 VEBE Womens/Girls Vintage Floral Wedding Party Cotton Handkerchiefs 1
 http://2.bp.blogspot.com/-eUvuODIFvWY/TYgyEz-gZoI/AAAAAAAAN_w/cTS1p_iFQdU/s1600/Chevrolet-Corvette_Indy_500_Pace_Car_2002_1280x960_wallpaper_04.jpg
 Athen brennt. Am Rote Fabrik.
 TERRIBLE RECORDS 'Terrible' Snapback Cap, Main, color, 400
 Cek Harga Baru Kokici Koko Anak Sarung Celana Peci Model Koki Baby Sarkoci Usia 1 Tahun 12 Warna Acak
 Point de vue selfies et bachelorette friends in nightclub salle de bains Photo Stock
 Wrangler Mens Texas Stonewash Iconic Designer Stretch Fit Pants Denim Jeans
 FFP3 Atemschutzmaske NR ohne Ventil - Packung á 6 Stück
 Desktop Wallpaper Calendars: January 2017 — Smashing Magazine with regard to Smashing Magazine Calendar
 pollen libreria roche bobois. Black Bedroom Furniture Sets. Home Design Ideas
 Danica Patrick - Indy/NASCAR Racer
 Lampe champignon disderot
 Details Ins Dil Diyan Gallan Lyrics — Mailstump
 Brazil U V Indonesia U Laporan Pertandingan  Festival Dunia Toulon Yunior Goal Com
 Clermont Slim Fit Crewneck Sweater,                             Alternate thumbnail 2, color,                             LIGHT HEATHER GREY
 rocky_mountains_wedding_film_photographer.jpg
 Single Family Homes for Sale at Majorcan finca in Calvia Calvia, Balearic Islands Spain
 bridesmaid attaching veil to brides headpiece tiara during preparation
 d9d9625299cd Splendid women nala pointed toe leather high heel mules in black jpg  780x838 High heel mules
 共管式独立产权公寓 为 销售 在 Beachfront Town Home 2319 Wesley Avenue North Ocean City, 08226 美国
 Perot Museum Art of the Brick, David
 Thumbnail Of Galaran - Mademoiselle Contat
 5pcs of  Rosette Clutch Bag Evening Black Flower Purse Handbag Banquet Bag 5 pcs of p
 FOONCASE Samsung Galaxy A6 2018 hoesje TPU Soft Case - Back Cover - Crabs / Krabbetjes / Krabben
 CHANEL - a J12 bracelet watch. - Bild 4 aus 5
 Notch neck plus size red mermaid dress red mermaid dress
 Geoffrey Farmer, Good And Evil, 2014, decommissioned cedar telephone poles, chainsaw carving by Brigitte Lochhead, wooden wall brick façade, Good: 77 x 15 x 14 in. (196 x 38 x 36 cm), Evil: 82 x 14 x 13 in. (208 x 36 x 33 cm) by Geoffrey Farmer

EXERCISE DIRECTIONS >>
Across the records above, return every line that contains the word "color".

EXERCISE OUTPUT >>
 TERRIBLE RECORDS 'Terrible' Snapback Cap, Main, color, 400
 Clermont Slim Fit Crewneck Sweater,                             Alternate thumbnail 2, color,                             LIGHT HEATHER GREY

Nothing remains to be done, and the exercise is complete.